Cuando los discípulos, ya ahora tranquilizados, estuvieron plenamente convencidos del asombroso hecho, ¿no podemos bien imaginar que el pensamiento que se vendría a sus mentes, dominando sobre todos los demás, sería este — «¿Va Él a permanecer ahora con nosotros?» ¿Será la adorable presencia de este Conquistador de la muerte entregada como herencia y don permanente a Su Iglesia? Más aún, «¿Ha llegado ya el tiempo para el tan predicho reinado mesiánico, cuando nosotros, como Sus privilegiados asesores, habremos de sentarnos en doce tronos — las cabezas tribales en una nueva y más bendita teocracia»?

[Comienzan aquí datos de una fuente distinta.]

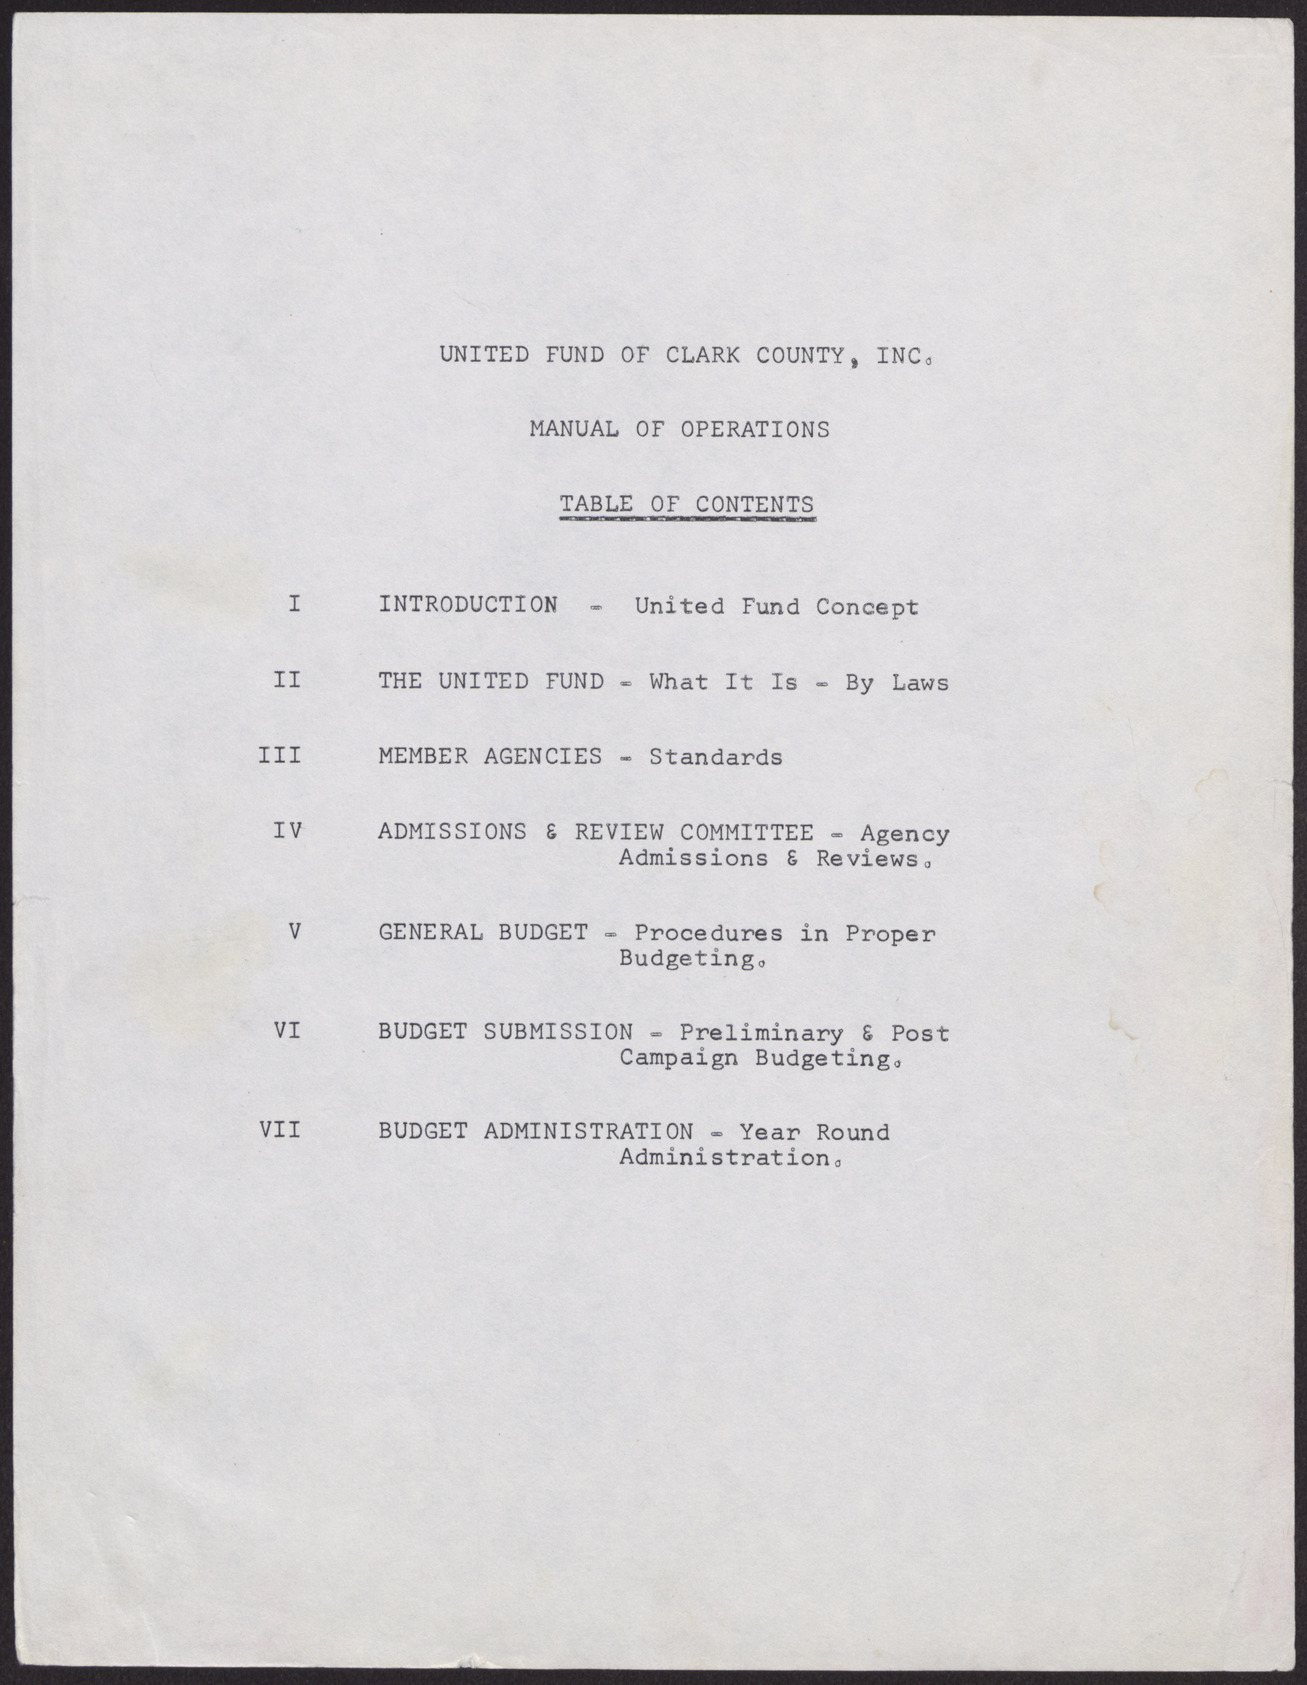 United Fund of Clark County, Inc. Manual of Operations (8 pages, possibly out of sequence or unrelated), no date

¡No! Extraño y desconcertante, sin duda, debió de ser el primer mensaje que el Resucitado les envía. Él manda a la desconsolada y llorosa María que seque sus propias lágrimas y las de ellos, pero no con la alegradora seguridad de que Él va a permanecer para siempre en medio de ellos, como Amigo y Guía, para alentarlos con Su comunión y animarlos con los acentos de Su voz viviente. Más bien les envía el anuncio inesperado — de que debe dejarlos pronto — «Ve a Mis hermanos, y diles: Subo a Mi Padre y a su Padre, a Mi Dios y a su Dios.» En consecuencia, según se describe minuciosamente en el relato sagrado, tras permanecer con Su naciente Iglesia durante cuarenta días posteriores a Su resurrección — brindando así a Sus seguidores amplio tiempo y oportunidad para que sus convicciones se afianzasen, sobre evidencia irrefutable, respecto a la realidad de aquel gran acontecimiento — y tras dar todas las instrucciones necesarias relativas a la proclamación de Su Evangelio y la extensión de Su Iglesia y reino, el Divino Maestro condujo a Sus discípulos más privilegiados «hasta Betania, y alzando Sus manos los bendijo — y aconteció que, bendiciéndolos, fue apartado de ellos y llevado al cielo».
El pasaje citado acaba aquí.